Though Saturn’s Great White Spot faded by the end of 2011, infrared telescopes have revealed the storm's long-lasting impact.
The Eastern seaboard hunkered down yesterday as Hurricane Sandy (aka Frankenstorm) barreled ashore. Even after hitting land, Sandy was still moving at a steady 28 mph, carrying sustained winds of 85 mph. Coastal areas flooded, including parts of New York City, and millions lost power. The storm surge along with the accompanying rain and gales might cost East Coast states up to $20 billion in total damages, much more than originally anticipated.
Faced with the wreckage of a hurricane, it’s hard to believe that Frankenstorm barely registers on the solar system’s weather scale. Saturn’s Great White Spot would have dwarfed little Sandy, and recent research shows that the tempest is continuing to wreak havoc in the planet’s upper atmosphere almost two years after it started.

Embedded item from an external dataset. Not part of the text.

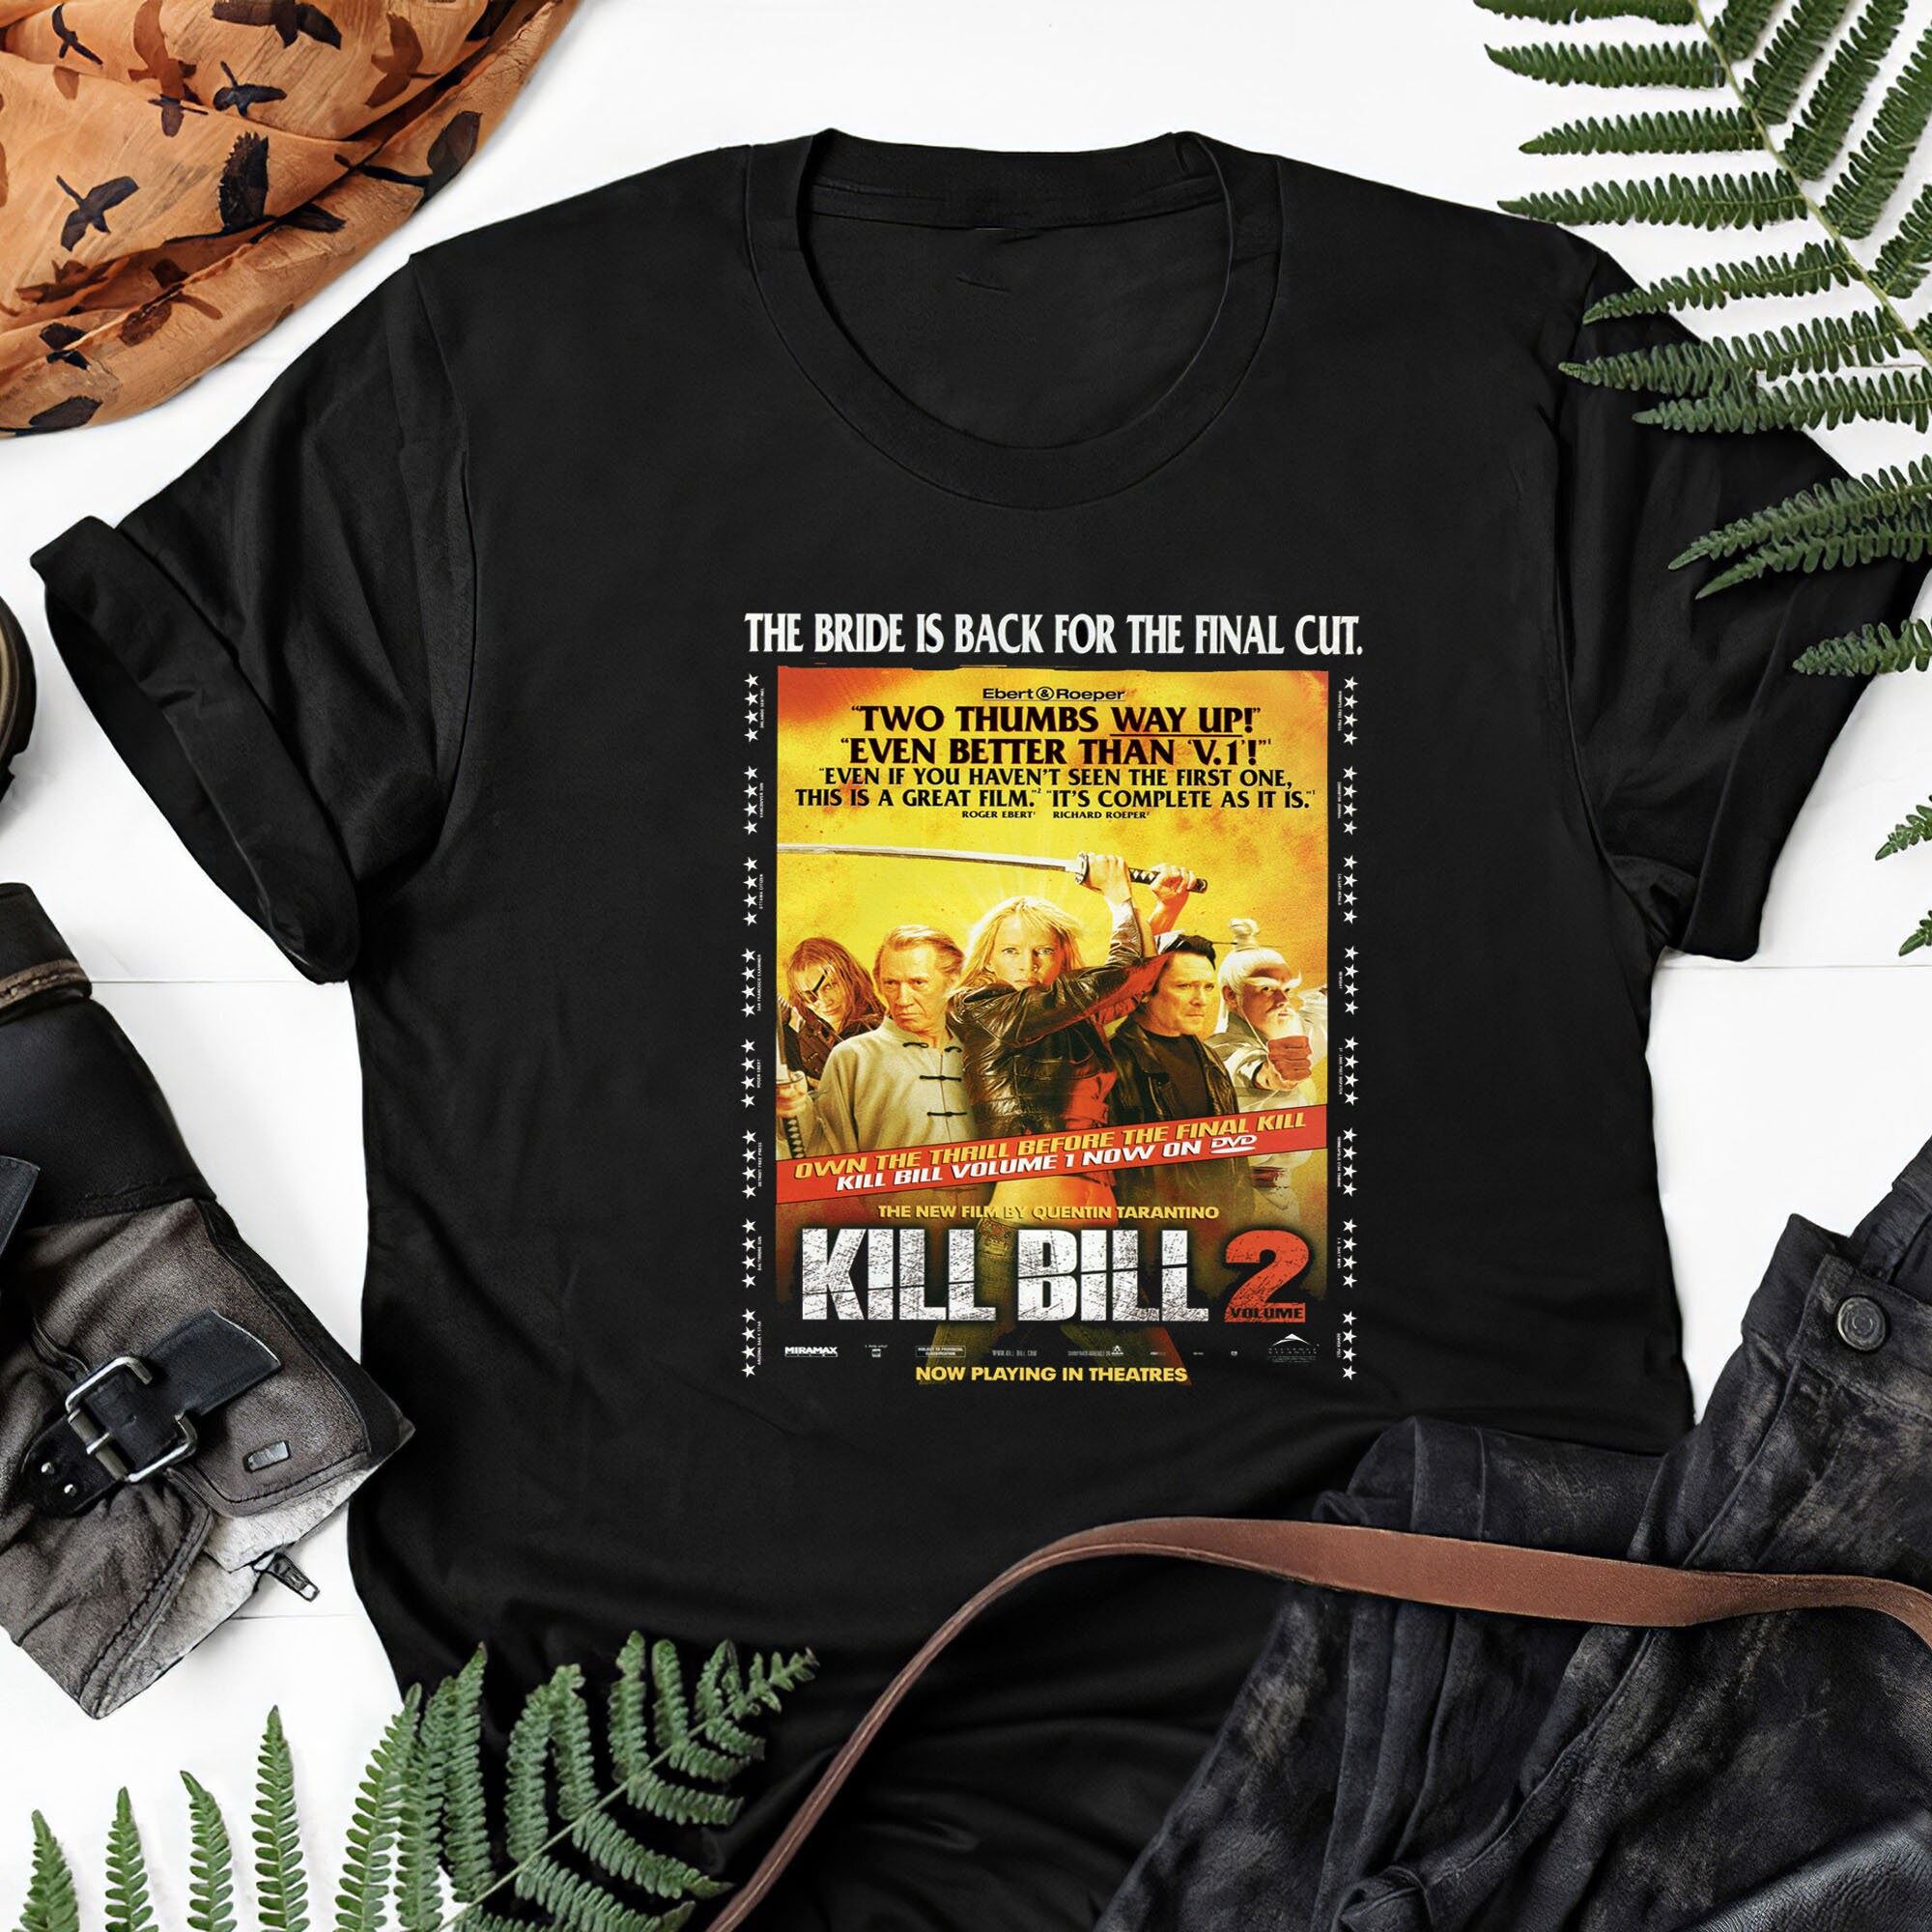 Kill Bill Vol 2 Movie Poster Quentin Taratino Kung Fu Gift Tee For Men Women Unisex T-shirt

Leigh Fletcher (University of Oxford) and his colleagues observed the evolving storm using Cassini, the Very Large Telescope in Chile, and NASA’s Infrared Telescope Facility (IRTF) at Mauna Kea, revealing the full extent of the storm’s impact on the gas giant’s upper atmosphere.
When the Great White Spot erupted in late 2010 (May issue, page 20), the spectacular cloud display riveted the attention (and observing capabilities) of amateurs and professionals alike. The storm raged for roughly a year, encircling the planet and discharging lightning almost continuously. Warm, moist air rushed upward through the troposphere with speeds up to 335 mph, about four times faster than Hurricane Sandy’s winds, and the white monster’s head surged against Saturn’s jet streams at roughly 60 mph, twice the speed of Frankenstorm as it approached New Jersey.
The Great White Spot — that is, the sunlight scattered off of clouds in the troposphere — had largely faded away by the end of 2011. But infrared views are now showing the storm’s true aftermath. While the cloud decks of the troposphere roiled below, the storm’s energy rippled upward to disturb the quiescent stratosphere hundreds of kilometers above. Even after the stormy white clouds dissipated, an infrared vortex continued to swirl in Saturn’s upper atmosphere.
In Earthbound thunderstorms, hot air rises and cooler air sinks, a boiling motion that often leads to an effect called “gravity waves.” (This effect is very different from gravitational waves!) While air usually moves horizontally to the ground, gravity waves move air up and down instead, much like waves on water. Gravity waves carry energy from below into the upper atmosphere, and Fletcher and his colleagues think that’s exactly what happened in Saturn’s atmosphere.
What began as a tropospheric storm (similar to a thunderstorm on Earth) soon became not one, but two spinning vortexes in Saturn’s stratosphere. Rather than cooling down and dissipating, the warm, whirling airmasses soon merged into a single vortex that, for a brief time, was even bigger than Jupiter’s Great Red Spot.
Watch the video below to witness (from the side and from above) the two vortexes spawned by the Great White Spot. Unlike the clouds seen via scattered sunlight, which drift to the right in the video, the infrared-bright vortexes drift to the left following tropospheric winds. The first moves slowly at about 14 mph. The second travels with the head of the Great White Spot at 55 mph, catching up to merge with the slower vortex. Since the merger the giant beacon has shrunk and cooled a bit, but it’s still making its way around the planet at 55 mph as of the last reported observation in May 2012. Fletcher and his team expect the beacon to fade away by the end of next year, long outlasting the visible-light storm.